## [What is needed]
Would you transcribe exactly the lines from the one containing "Product Image for" to the last line of the data below, both ends included, but none of the pictures?

## [Data below]
::::::

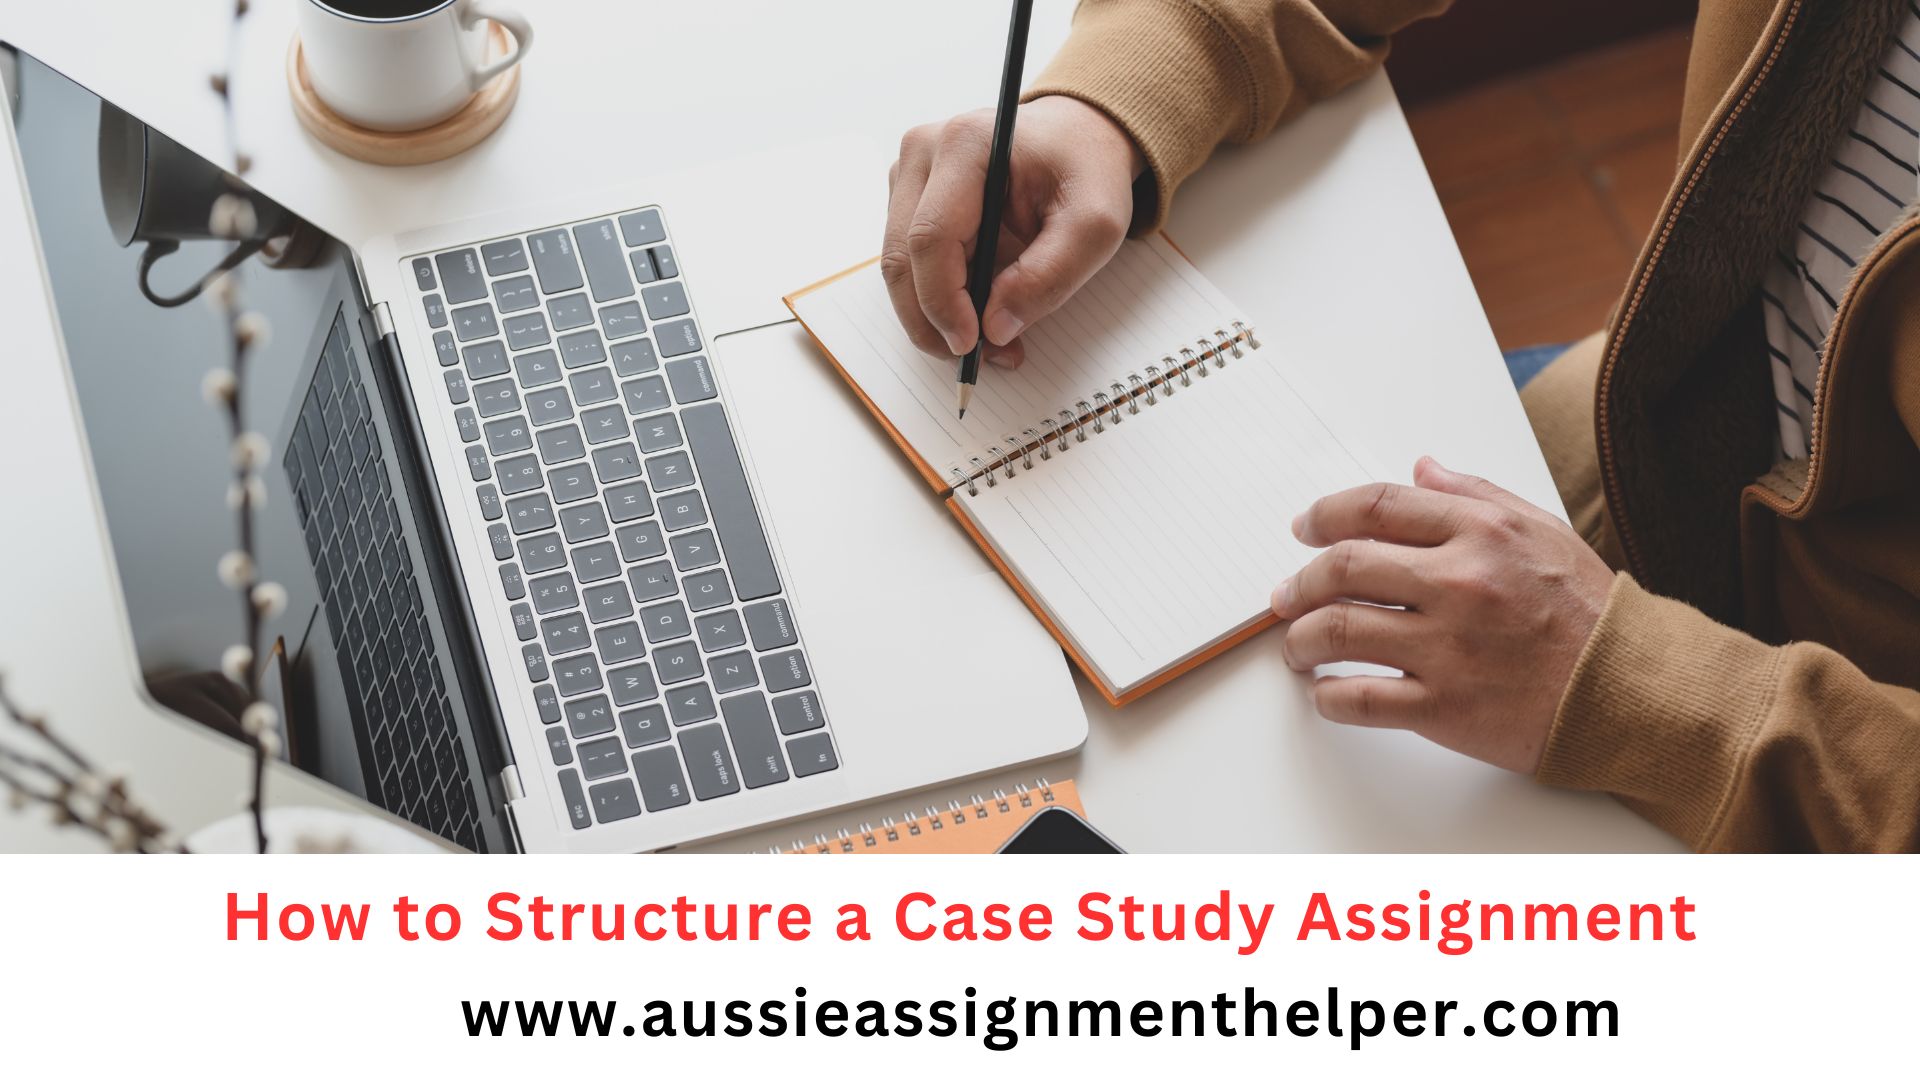 How to Structure a Case Study Assignment
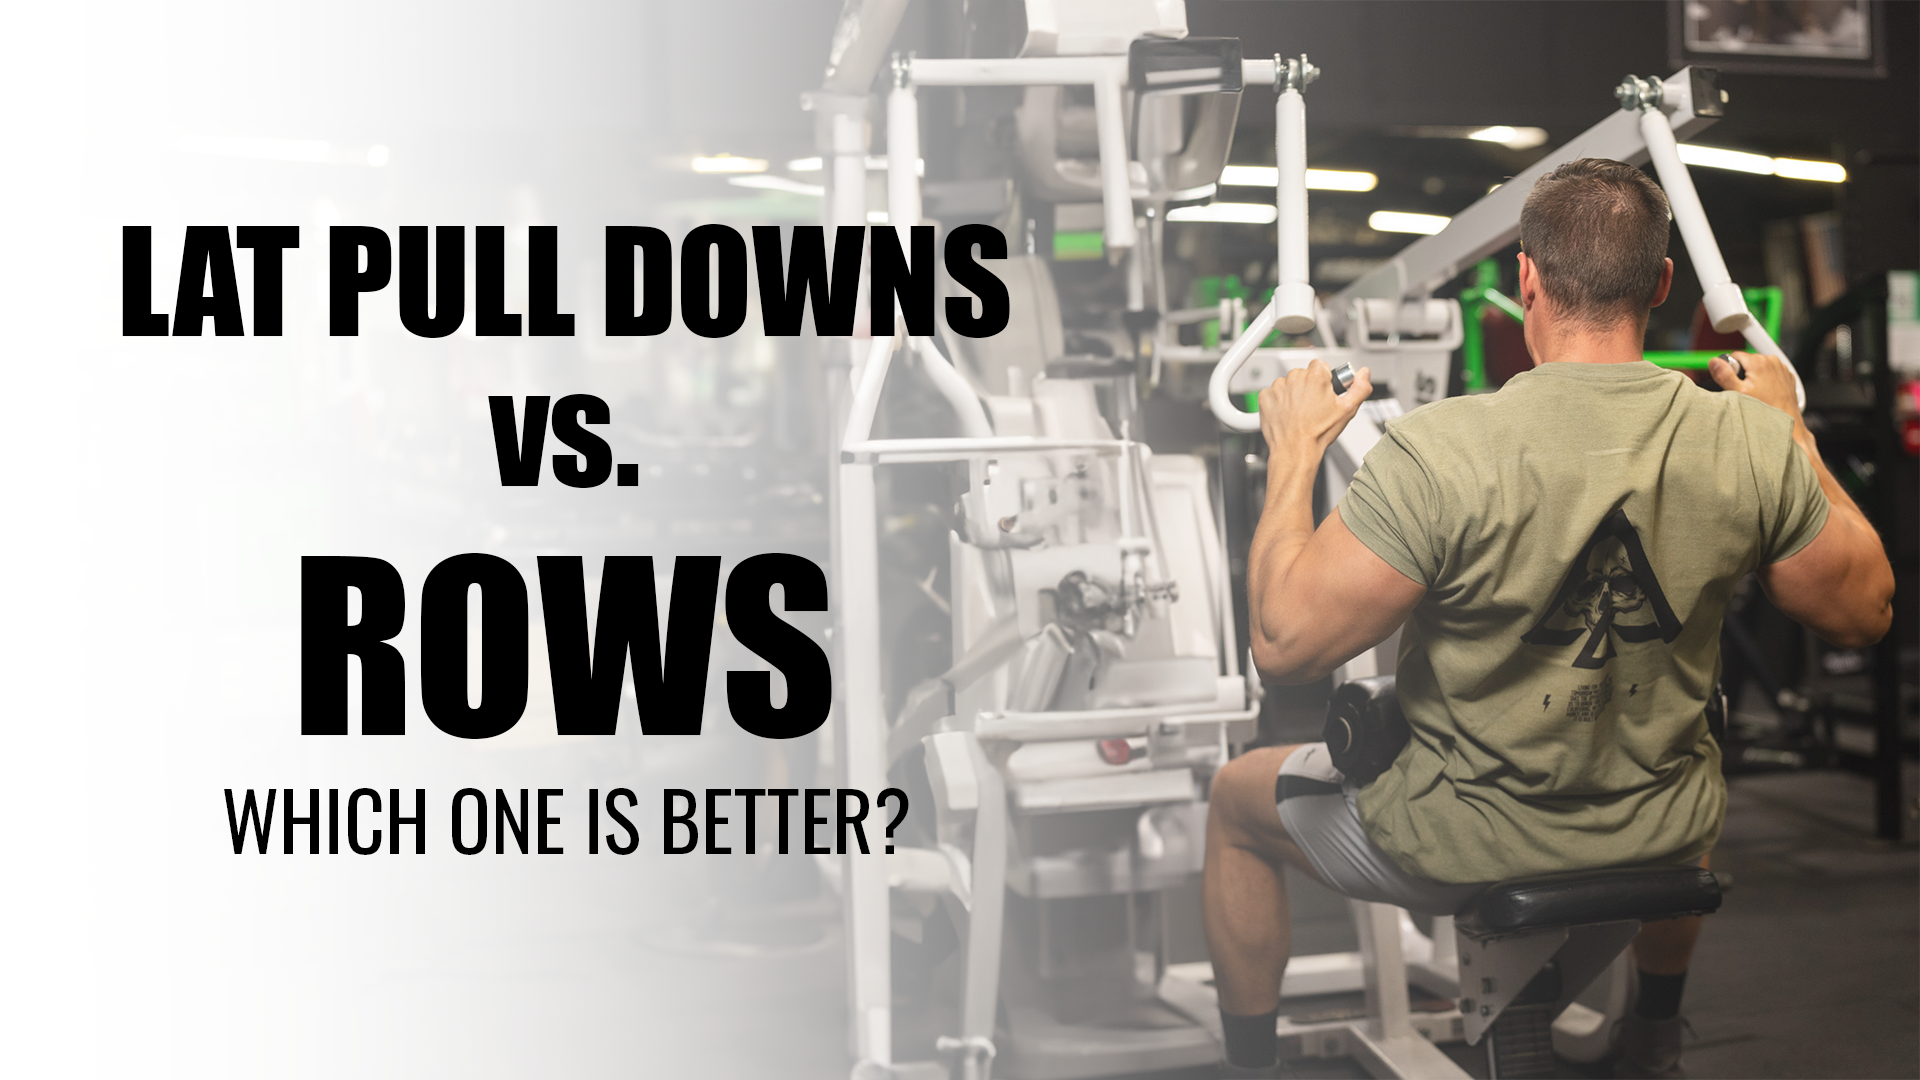 Which is Better: Lat Pull-Downs or Rows?
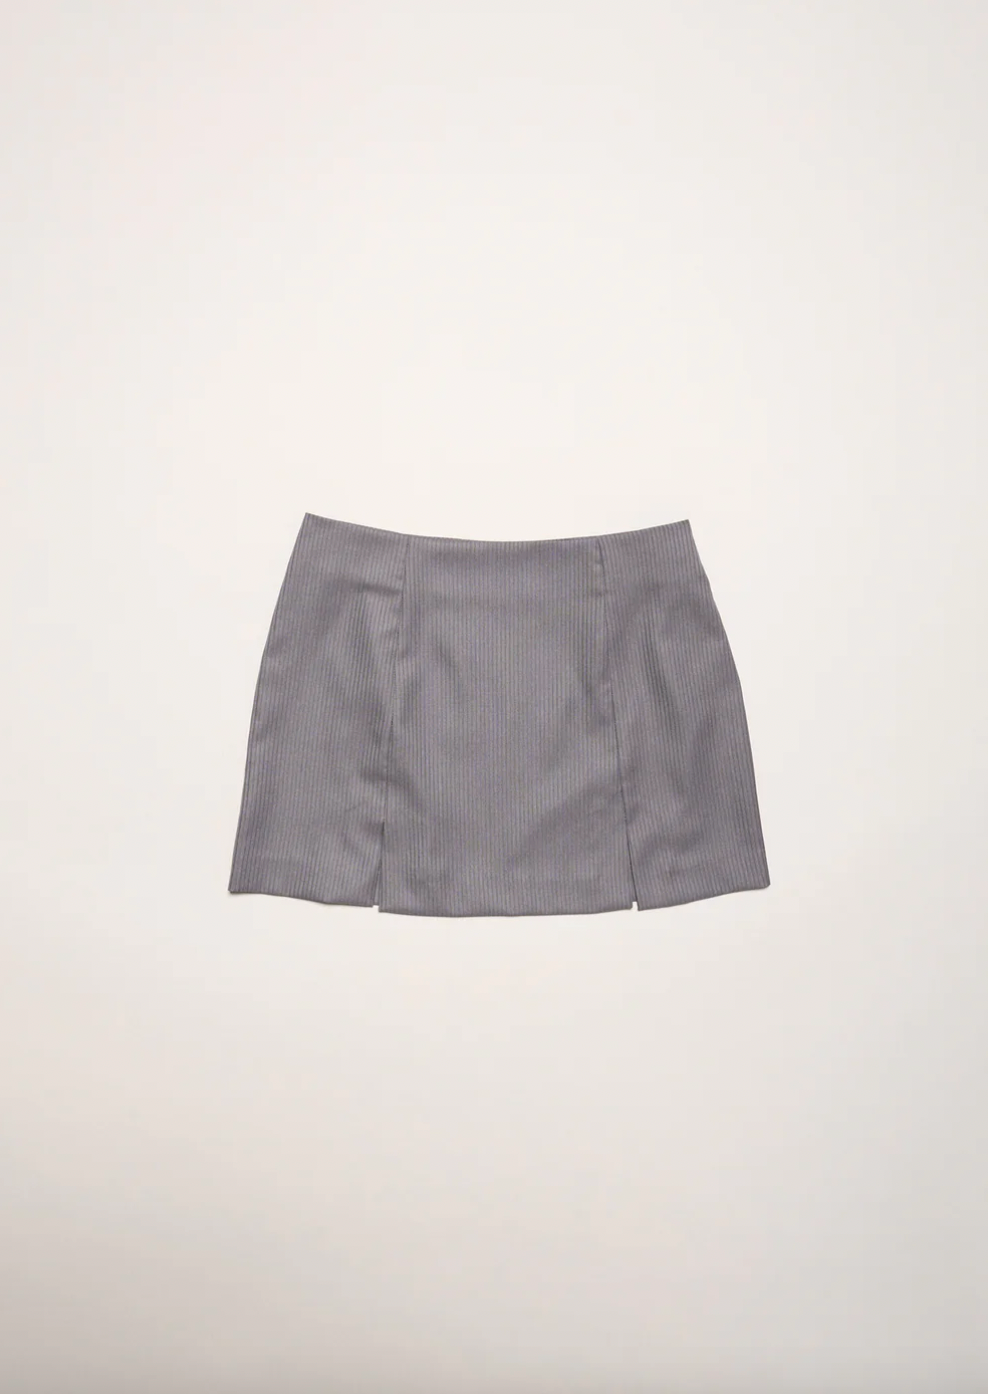 Product Image for All-Day Miniskirt, Grey Pinstripe
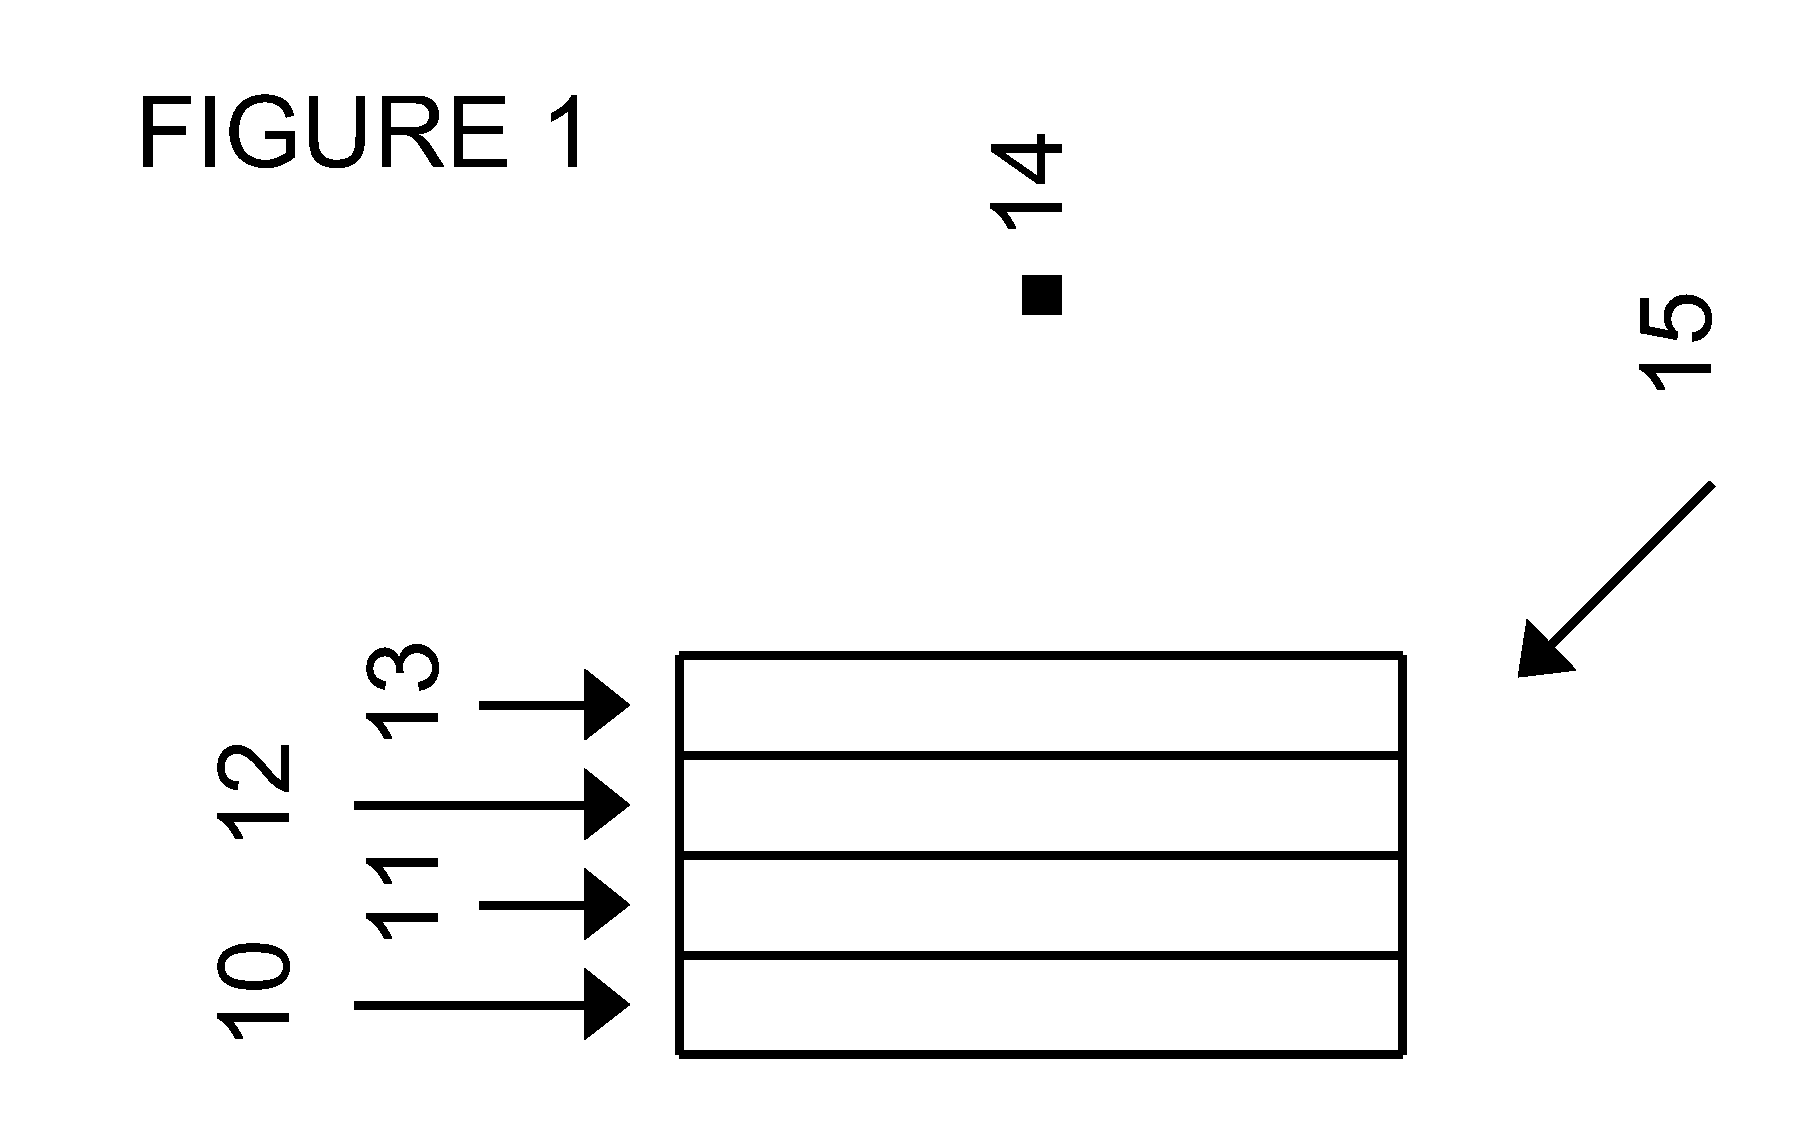 Mobile telephony system comprising holographic display

::::::

## [Answer area]
 Product Image for All-Day Miniskirt, Grey Pinstripe
 Mobile telephony system comprising holographic display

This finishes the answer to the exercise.